Rabu, 16 Desember 2015

SEDEKAH MEMBUKA PINTU JODOH

Hasil gambar untuk SEDEKAH MEMBUKA PINTU JODOHSEDEKAH MEMBUKA PINTU JODOH Selain menyambung hubungan baik dengan kerabat sekantor, kebiasaan mengumpulkan infaq telah mempertemukan saya dengan jodoh.

----------

Malam selalu menepati janjinya, esok, pagi pasti tiba. Malam itu, saya menyiapkan bukti pembayaran infaq teman-teman sekantor yang biasa saya koordinir. Saya akan menepati janji, besok pagi, saya mendatangi mereka satu persatu, mengambil uang infaq, dan memberikannya kepada lembaga amil zakat kepercayaan kami.

Bekerja di malam hari dengan ratusan bukti pembayaran memang butuh tenaga ekstra. Apalagi, pagi sampai sorenya saya sudah berletih-letih melaksanakan tanggungjawab di kantor, Pabrik Kertas Tjiwi Kimia. Tapi anehnya, meski pekerjaan tambahan ini saya laksanakan tanpa sepeser pun upah, namun saya tetap semangat menuntaskannya. Mungkin, motivasi saya meningkat berlipat ganda karena kehadiran suami tercinta, Meriyanto, yang setia menemani dan membantu merampungkan amanah itu.
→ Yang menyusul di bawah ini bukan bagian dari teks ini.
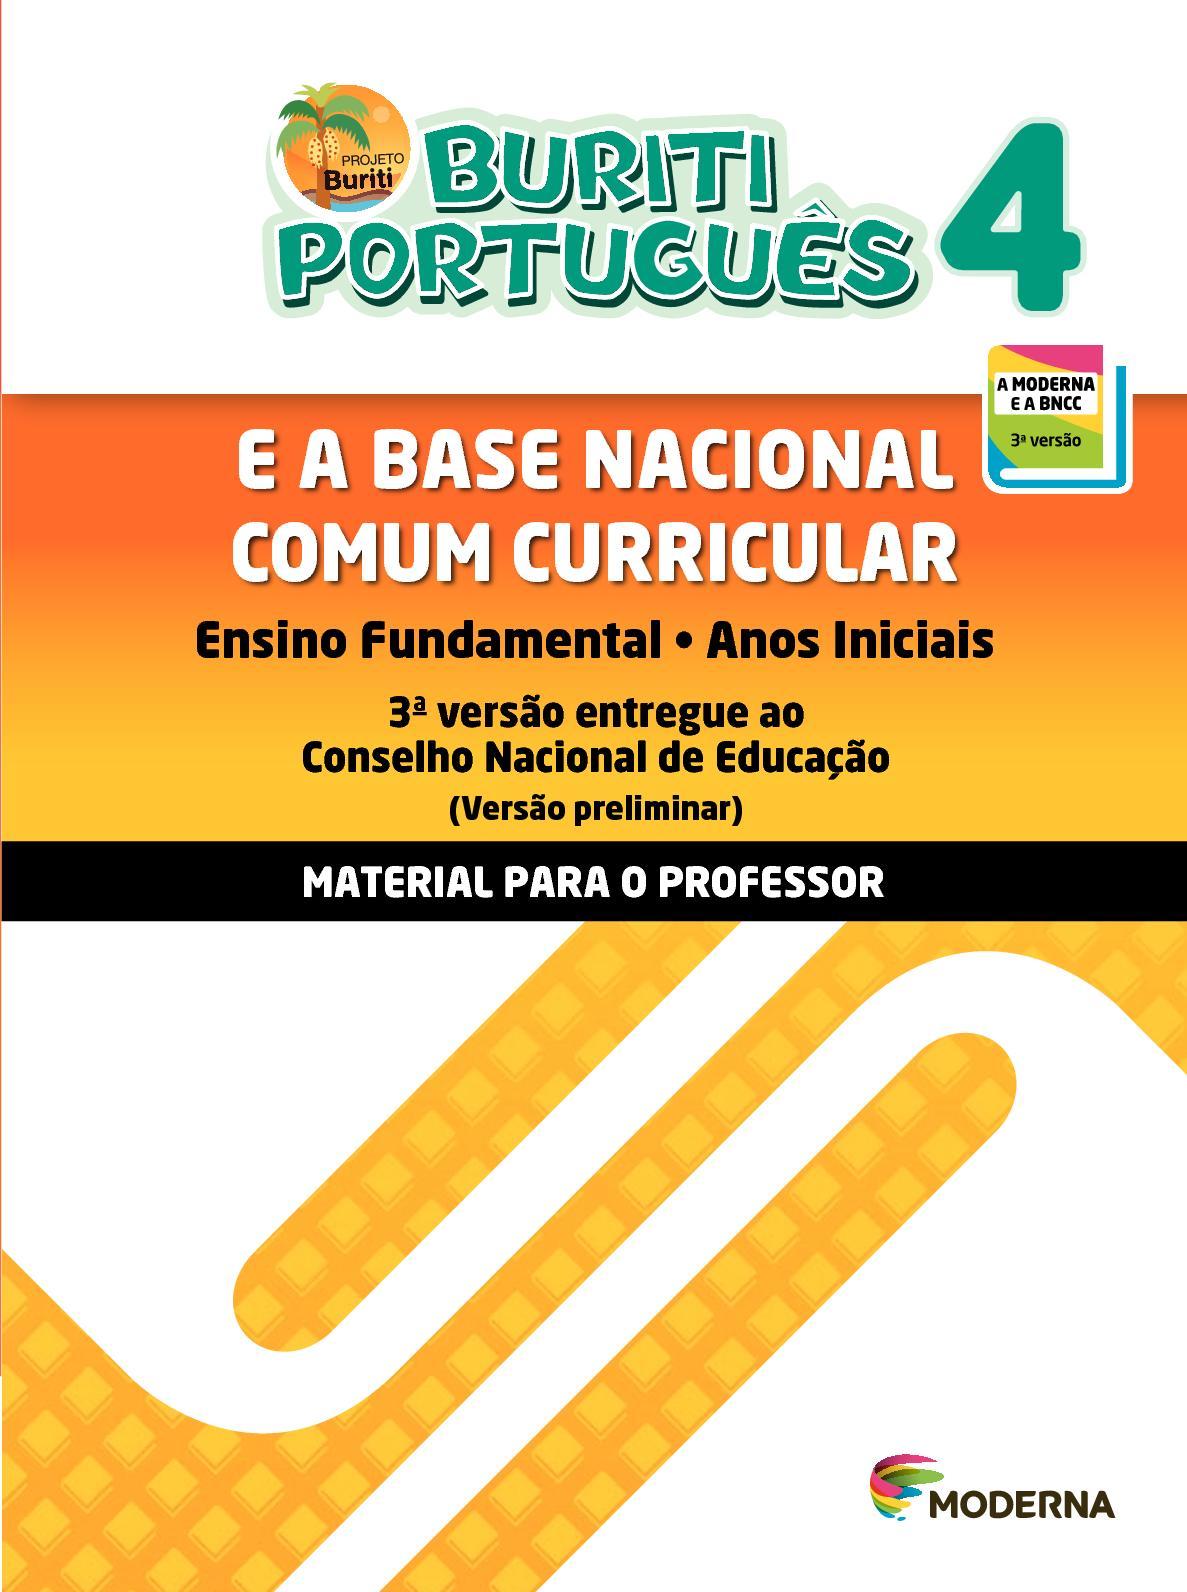 BNCC | Projeto Buriti Português 4

Saya sangat bersyukur atas anugerah Allah yang mempersatukan saya dengan suami 10 tahun silam. Sudah lama saya menunggu kehadiran seorang pria yang sanggup menjaga dan menjadi imam bagi saya. Saya menikah di usia 32 tahun. Sebelumnya saya dikenal oleh teman dan sahabat sebagai pribadi yang tidak pernah menjalin hubungan serius dengan laki-laki.

Meski begitu beberapa teman sudah sering membantu saya, mengenalkan dengan teman laki-lakinya. Saya tidak menutup hati, beberapa kali juga saya coba mengenal mereka satu per satu, namun sayang tidak ada yang cocok.

Di usia yang semakin bertambah banyak membuat orang tua saya cemas. Maklum, orang tua mana yang tidak risau ketika melihat anak perempuannya belum juga menikah di usia yang sudah menginjak kepala tiga.

Berbeda dengan saya, saya malah sudah pasrah atas keadaan itu. Saya menyerahkan semuanya kepada Allah. Bukankah jodoh ada di tangan Allah SWT? Kalau jodoh saya tidak bertemu di dunia, mungkin akan saya temui di akhirat kelak. Ya, kata-kata itulah yang bisa saya ucapkan untuk menenangkan kegalauan orang tua.

Begitulah hidup. Kadang mudah, tak jarang juga susah. Selama masa itu saya hanya bertekad untuk selalu berbuat baik dan berbagi dengan sesama. Karena saya yakin segala amal kebaikan akan dibalas Allah dengan kebaikan pula, bahkan jauh lebih baik.

Selain itu, di sela waktu luang saya aktif mengikuti pengajian atau talim rutin yang digelar di kantor setiap Kamis. Di sanalah saya bertemu dengan suami saya. Dia enam tahun lebih muda dari saya. Karenanya, waktu itu saya menganggapnya sebatas sebagai adik. Namun ternyata ada ketertarikan khusus yang terpancar dari hatinya.

Saya terkejut saat di-khitbah mendadak via telepon. Meri, panggilan suami saya, menelepon orang tua saya selepas shubuh, meminta izin untuk meminang saya. Meski usia kami terpaut cukup jauh, dengan melihat pribadinya yang baik, sungguh-sungguh dan sholeh, orang tua saya pun setuju.

Tapi orang tua suami saya tidak sependapat. Perbedaan usia jadi masalah serius. Karenanya kami pun terpaksa menikah siri terlebih dahulu. Meski begitu kami tidak tinggal satu rumah. Pernikahan siri itu berjalan selama delapan bulan sebelum akhirnya mertua saya mengetahui semuanya.

Karena tidak sepaham, mereka marah dan kecewa. Namun syukur ada paman suami saya yang dapat menjelaskan itikad baik kami melakukan pernikahan siri, karena kami tak ingin terjerumus dalam perzinahan. Alhamdulillah, mertua saya pun akhirnya memberikan restunya. Kini kami sudah dianugerahi dua orang putra. Saya sangat bersyukur atas segala ketetapan Allah ini. Satu doa saya, semoga saya tetap istiqomah dalam berbagi dan berbuat baik.